August 21, 2008 / 11:05 PM / 11 years ago

Hormone replacement can improve life quality: study

WASHINGTON (Reuters) - Hormone replacement therapy can improve the quality of a woman’s life, easing the distress of hot flashes, sleep disturbances and restoring lost sexual functioning, researchers reported on Thursday.

About three out of four women who suffered night sweats and hot flushes said the symptoms vanished after a year of HRT use, the researchers reported in the British Medical Journal.

Half the women, aged 50 to 69 when the study started, received Wyeth’s Prempro, a combined estrogen replacement pill, while the rest got a placebo.

“Combined HRT improves sleep, aches and pains, and sexual functioning,” wrote the researchers, led by Amanda Welton of Britain’s Medical Research Council and Alastair MacLennan of the University of Adelaide in Australia.
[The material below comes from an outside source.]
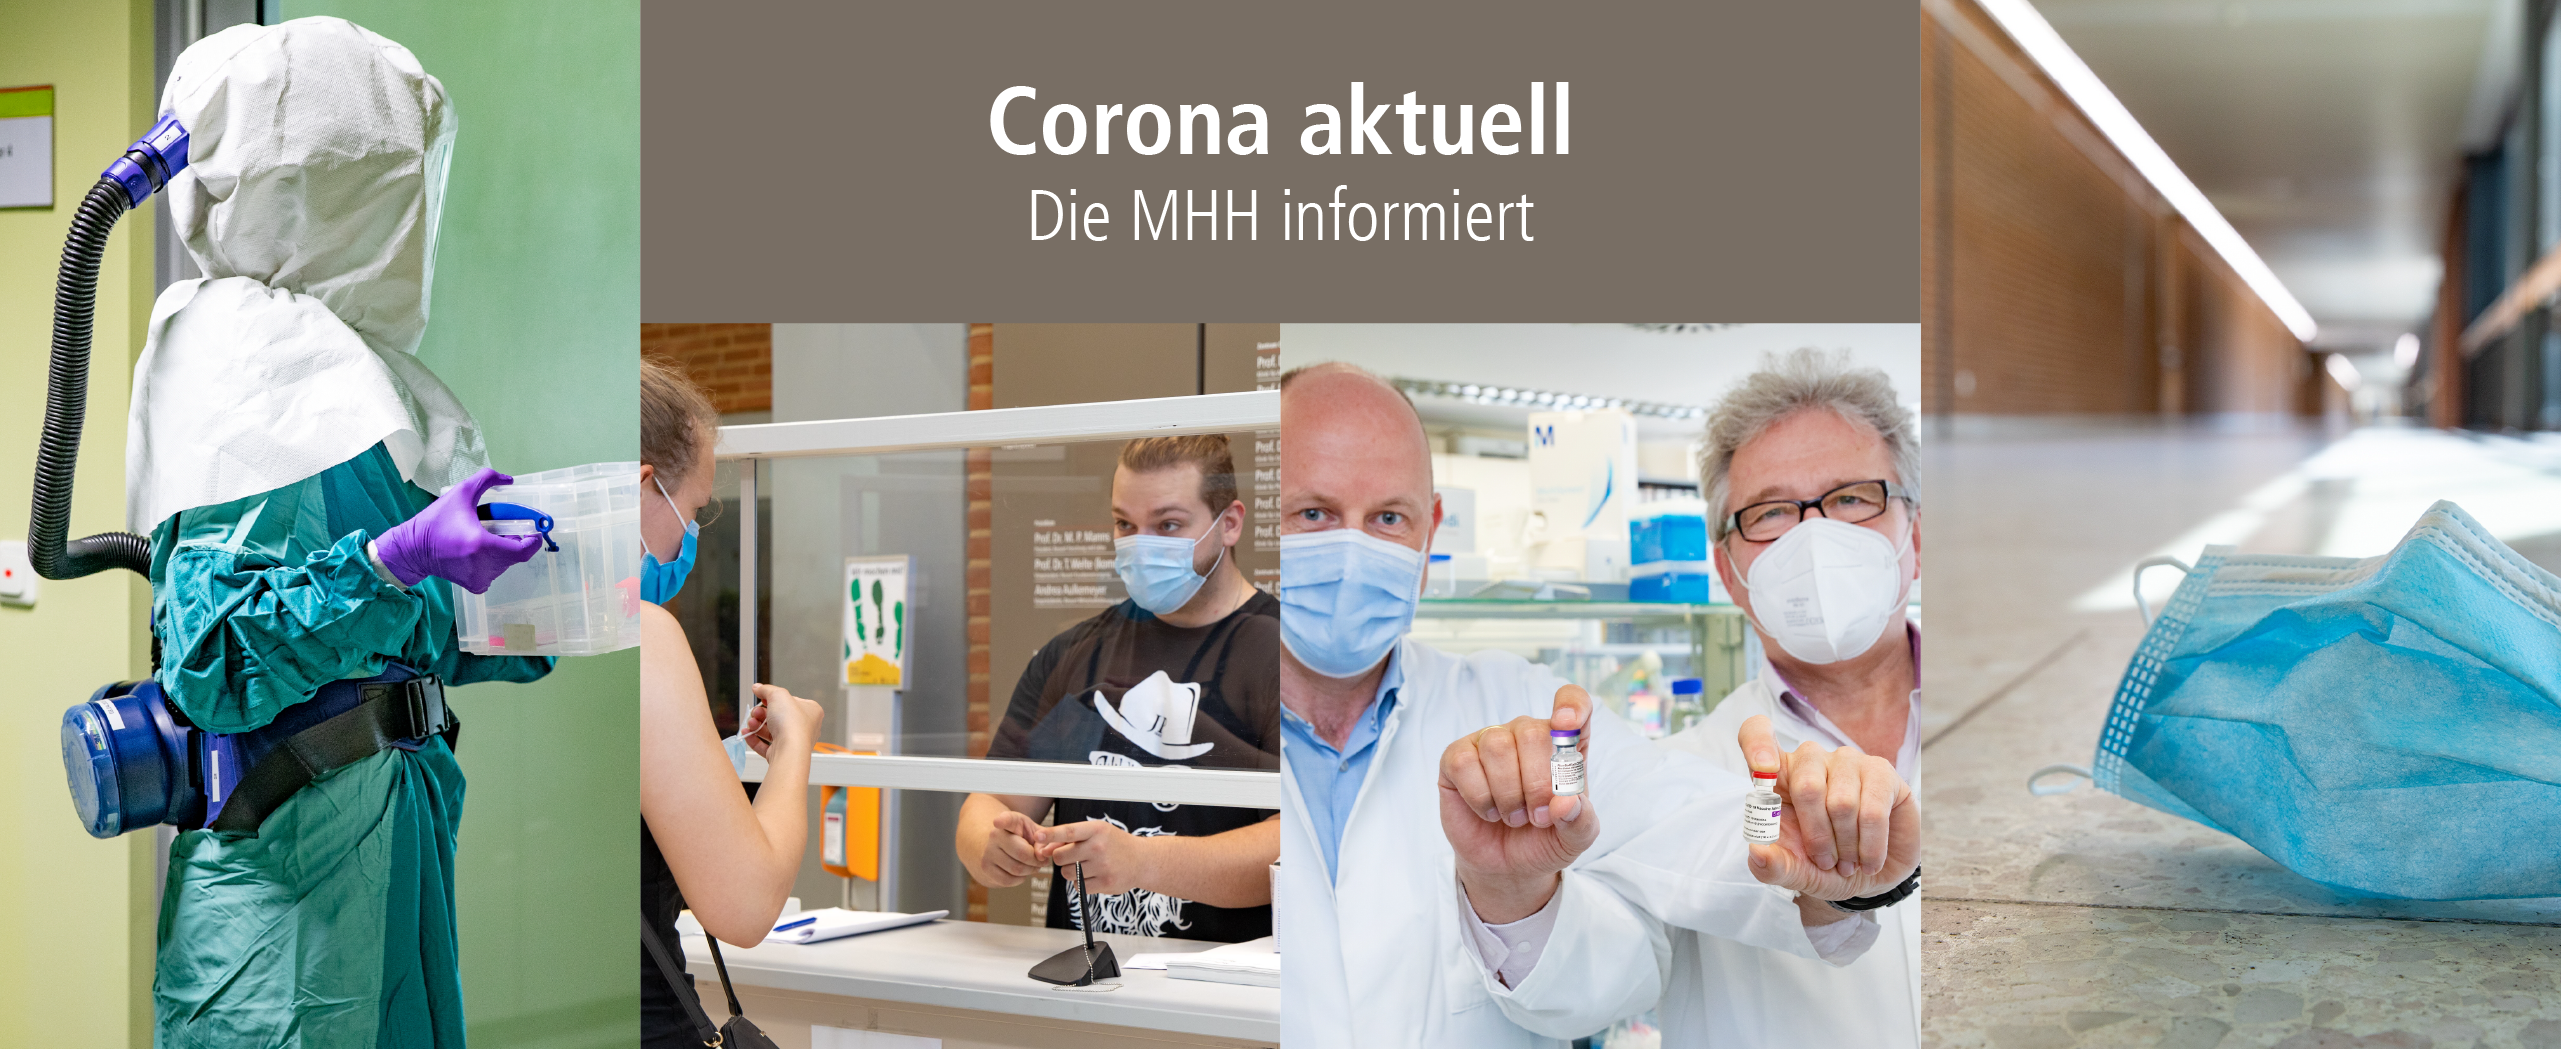 Collage mit Fotos zum Thema Corona und Aufschrift: "Corona aktuell: Die MHH informiert"

“These gains can now be factored in to a woman’s choice to use combined HRT. This benefit must be weighed against the overall short and long-term risks, which must be individualized for women based on years since menopause, medical history, and chosen regimen.”

HRT was popular until 2002 when a Women’s Health Initiative study showed it could raise the risk of breast and ovarian cancer, stroke and other serious conditions.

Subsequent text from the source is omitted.